## Collected material
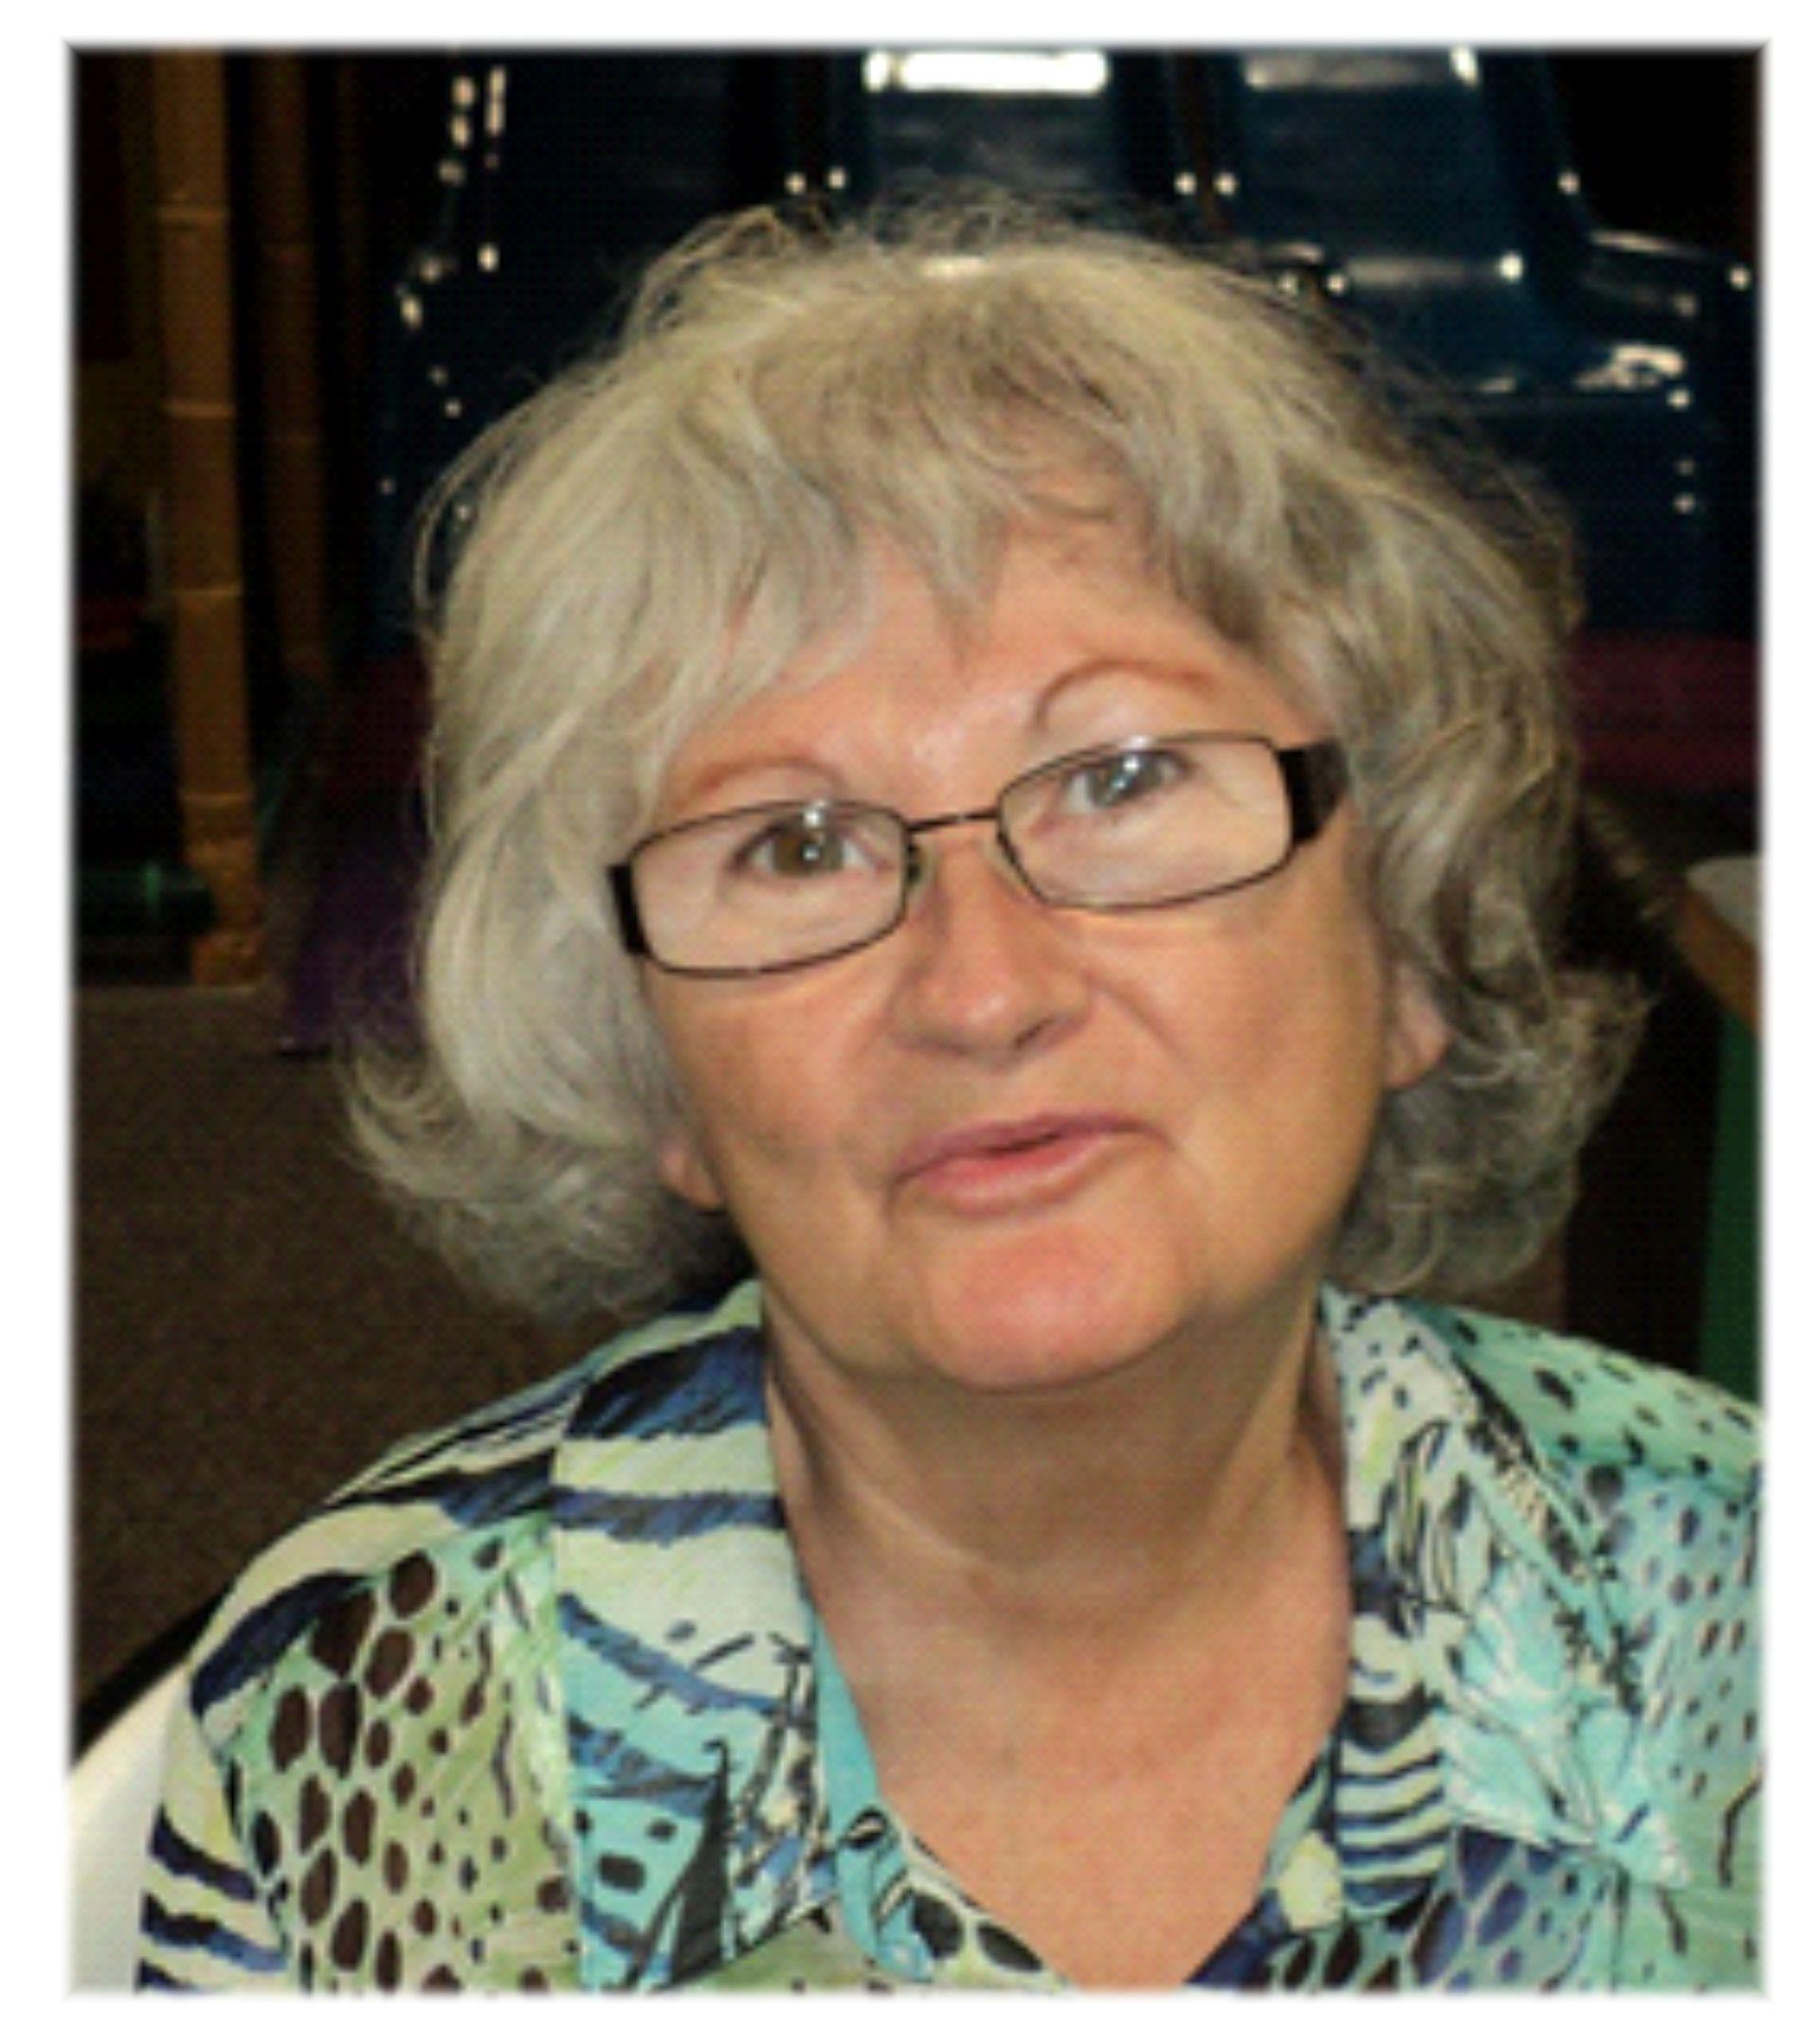 Susan M. Hergott
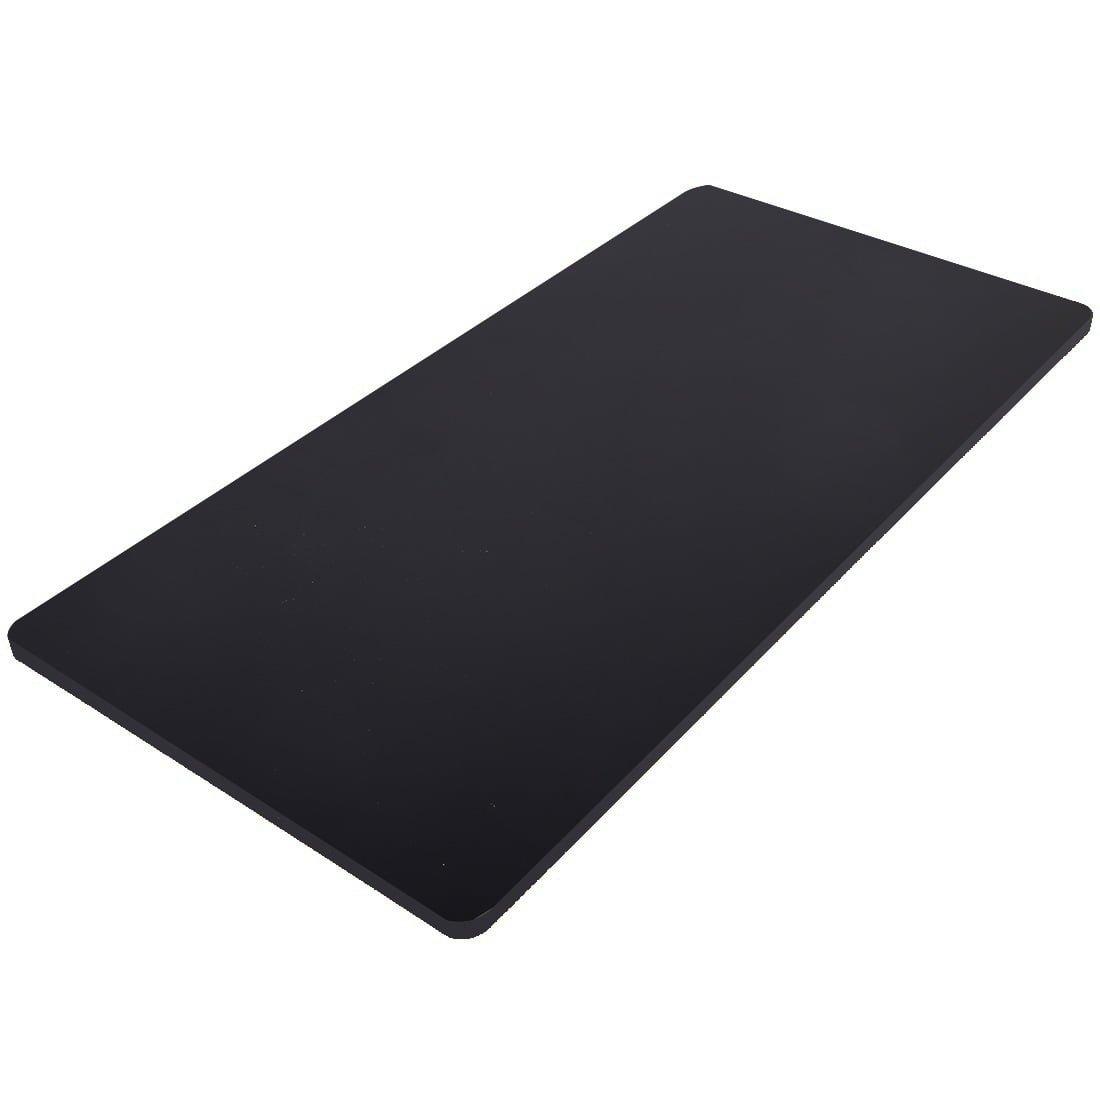 FLEXISPOTオフィステーブル用天板ブラック
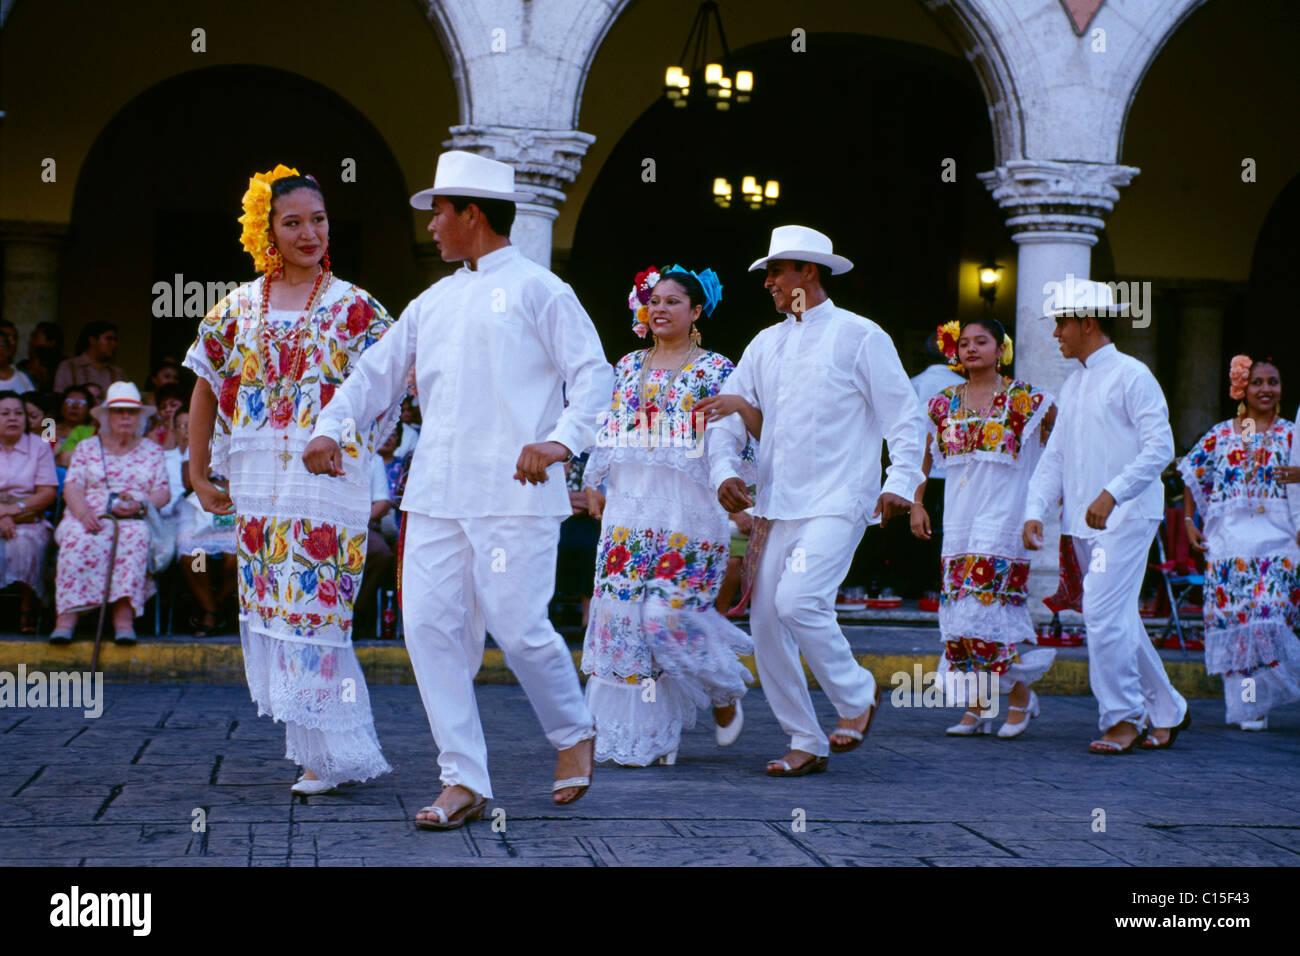 Vaqueria traditional dance, Merida, Yucatan, Mexico - Stock Image

## Exercise
Only exact copies are wanted here. Write out the lines from the one containing "FLEXISPOTオフィステーブル用天板ブラック" through the end of the material and no others, omitting all pictures.

## Exercise solution
 FLEXISPOTオフィステーブル用天板ブラック
 Vaqueria traditional dance, Merida, Yucatan, Mexico - Stock Image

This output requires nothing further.